“I always feel close to her when I write,” Kathleen Ellis, a professor of English at the University of Maine, commented on Emily Dickinson last Monday. She, along with two other Maine poets, Candice Stover and Jackie Michaud, paid homage to the 177-year-old bard as they promoted their newest publications, “Vanishing Act,” “Poets from the Pond” and “The Waking Hours,” respectively. Other UMaine faculty and students presented Dickinson poems that were particularly powerful to them.
While she only published seven poems during her lifetime, Emily Dickinson, the reclusive, mysterious resident of Amherst, Massachusetts, posthumously became one of the most influential poets of the 19th century. With over 1,700 poems now unearthed, Dickinson’s terse, epigrammatic poems with her unconventional capitalization, extensive dashes and lack of meter, have sparked much intrigue from readers. This intrigue led many to the University Bookstore on Dec. 10 for Emily’s 177th Birthday Celebration.
Amanda Hallett, a sophomore English major, opened the event with the Dickinson poem “Hope is a thing with feathers,” followed by Michaud who began with Dickinson’s “I never felt at Home-Below.”
“She talks about God so much,” Michaud observed after her reading, yet she further commented that Dickinson expressed so much doubt and ambivalence in her poetry. Drawing from this, Michaud read from her recent work, “The Waking Hours,” a collection of French translations with a variety of religious undertones.
As an interlude to the main presenters, Mark Haggerty and David Gross, two Honors professors, read, respectively, Dickinson’s “Exultation is the going” and “There’s a certain Slant of Light.”
“She was really funny and ironic,” Ellis noted as she began her presentation following Haggerty and Gross. “I like her coy voice,” she continued, reading one of Dickinson’s more whimsical poems: “‘Faith’ is a fine invention / When Gentlemen can see- / But Microscopes are prudent / In an Emergency.” On a more serious note, Ellis commented on the elusive quality of Dickinson’s poetry, stating, “So many of her poems are hesitant.” In her newest book about her dying mother, “Vanishing Act,” Ellis captures this spirit of Dickinson as she meditates over the odd feelings of confronting her mother’s death.
As she began her Dickinson reading, Sharon Tisher, an Honors and environmental law professor, quipped, “Leaving your room is vastly overrated.” To elaborate, Tisher read Dickinson’s “The Brain-is wider than the Sky-,” a token to the limitless possibilities of the mind.
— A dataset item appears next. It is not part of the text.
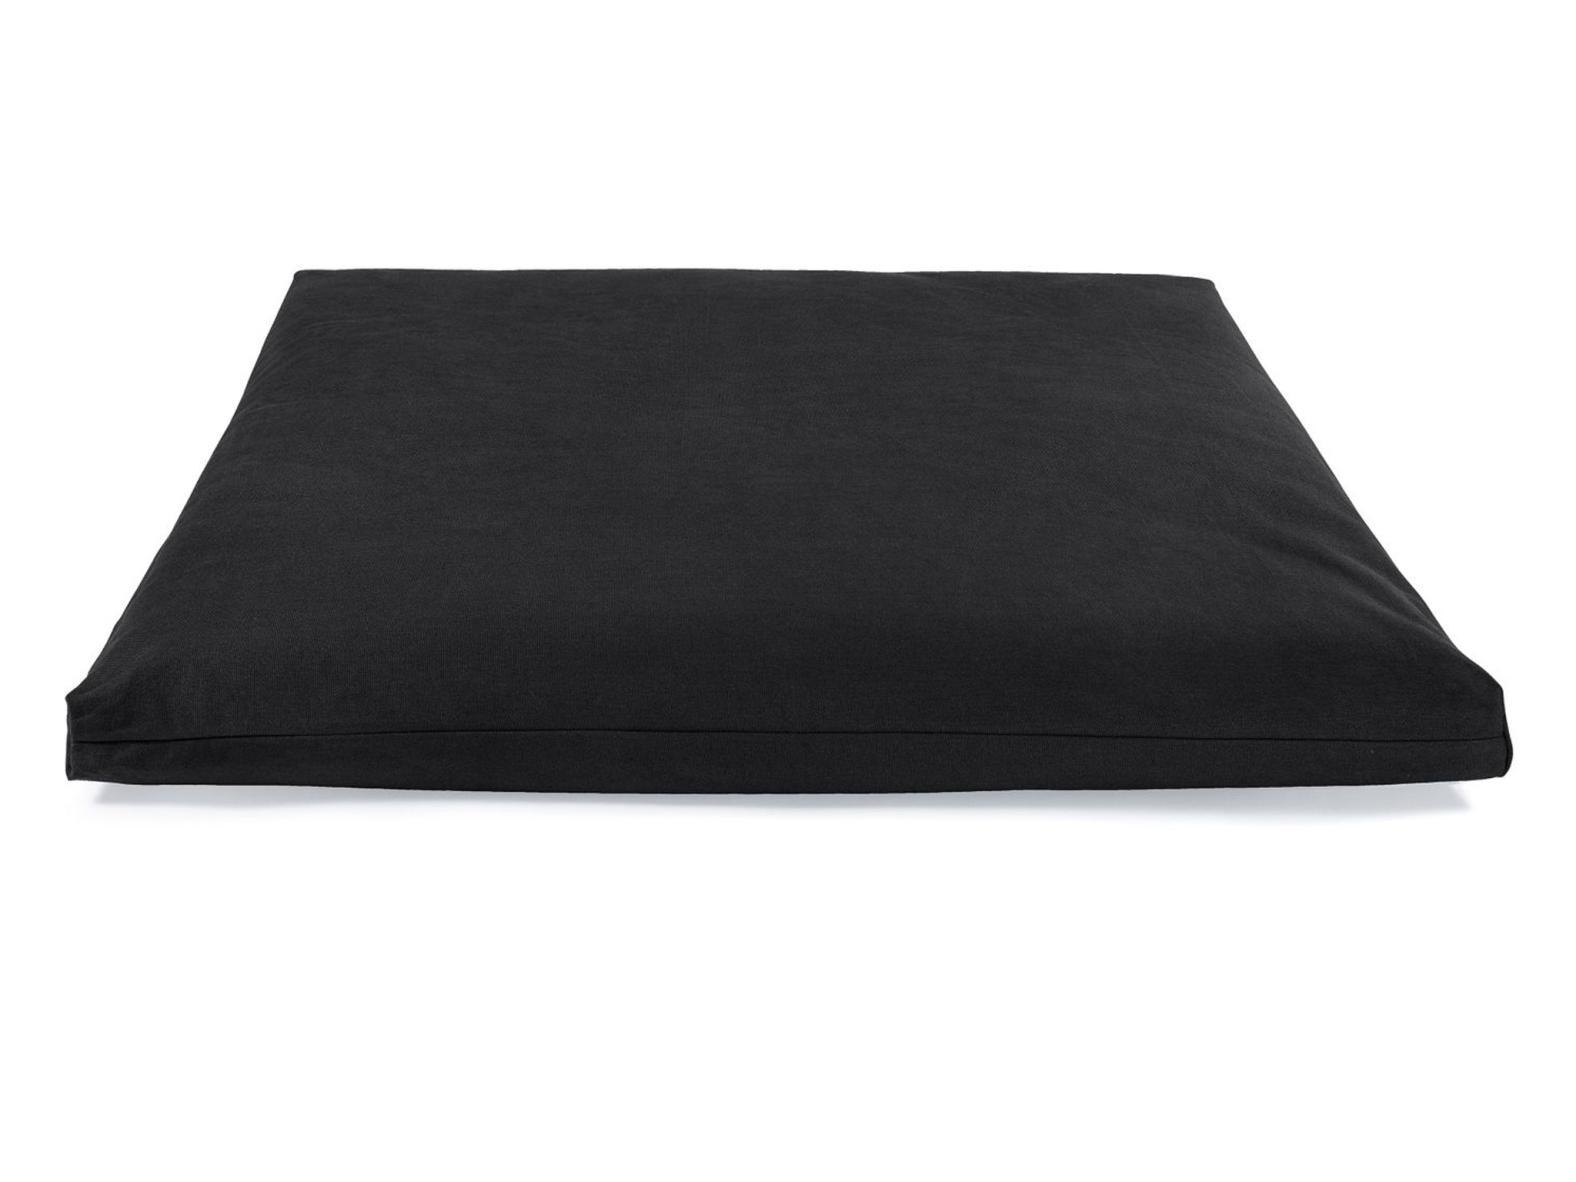 Meditationsmatte Zabuton PREMIUM - Schwarz - 100% BIO Baumwolle - 85 x 80 cm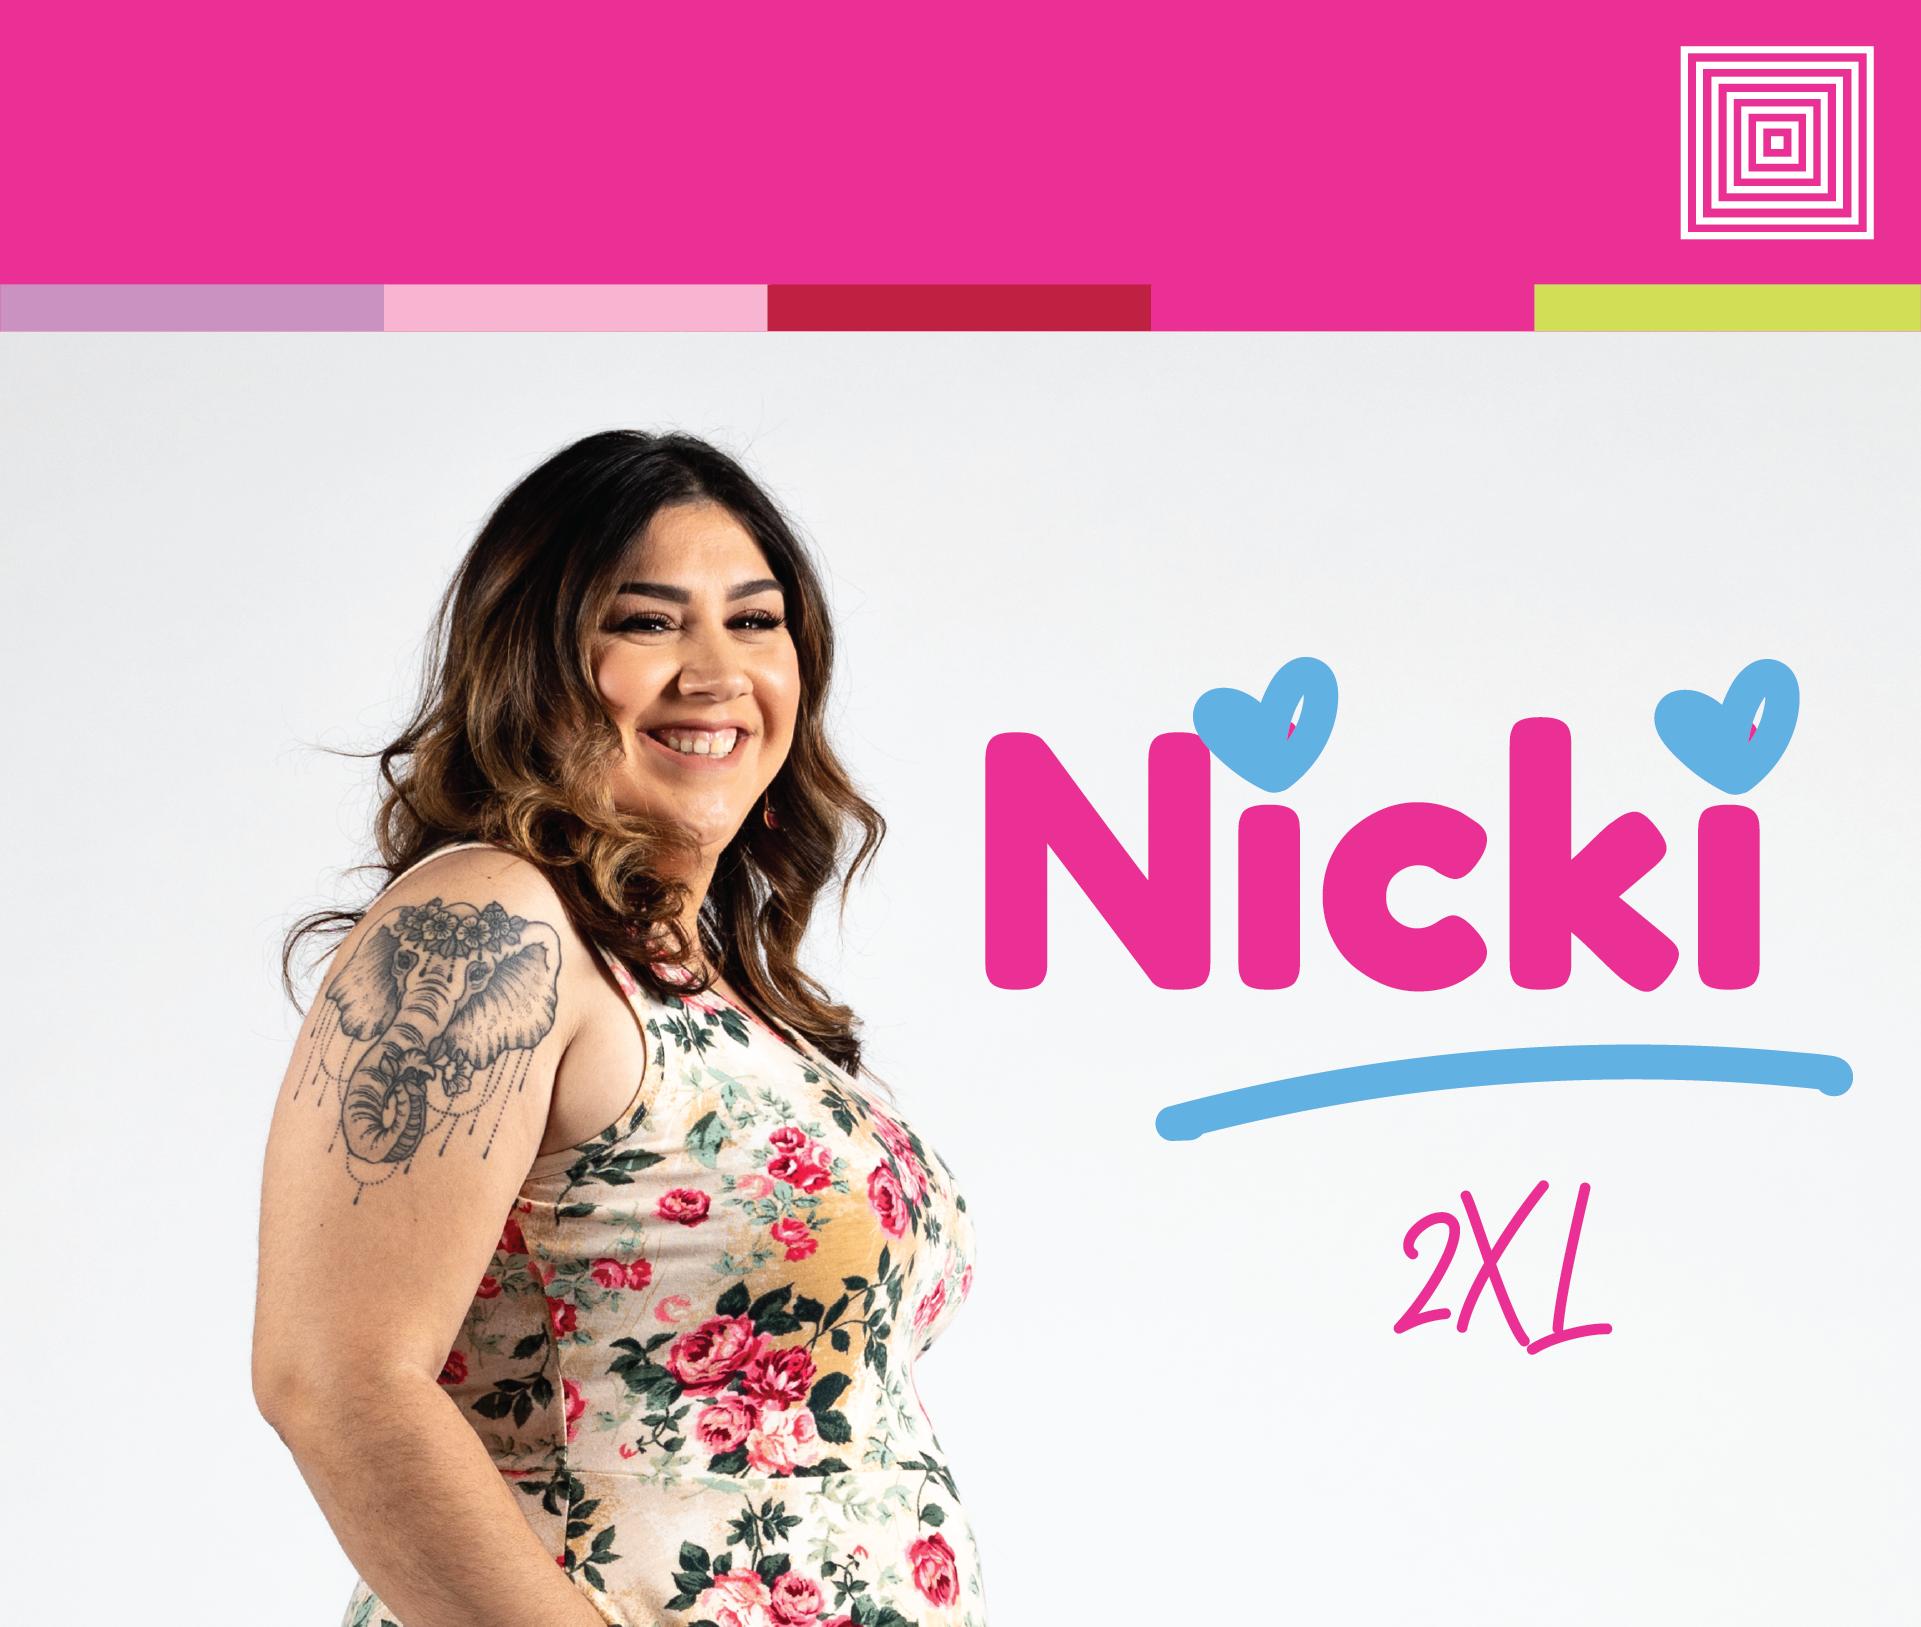 a22008c1a LuLaRoe Nicki Sleeveless A-Line Dress 2XL Size — LuLaRoe Sleeveless ...

Following, Francois Amar, another Honors professor, read Dickinson’s “My Triumph lasted till the Drums,” talking after about the extensive discussion Dickinson’s poetry sparks in his classes.
Concluding the event, Stover, a poet and instructor at the College of the Atlantic, read from her latest book “Poems from the Pond,” a collection of poems ruminating on Somes Pond where she’s lived for the past 17 years. Before then, however, Stover reflected on the Dickinson quote, “To live is so startling, it leaves little time for anything else.” For Stover, people often fail to appreciate the mystifying amazement that is life for which she attempted to capture in her poetry.
Jay Grant, a first-year political science major, laughed about going just for extra credit, admitting that he was fascinated with Dickinson’s poetry. “She locked herself in her house,” he plainly stated, intrigued by her eccentric lifestyle.
Another student, Emily Desjardins, a first-year business major, agreed, “I’m interested in Emily Dickinson,” adding, “It’s different than modern poetry.”
The poetry event ended with a book signing by the three authors who, with vastly different works, all found a correspondence to Dickinson.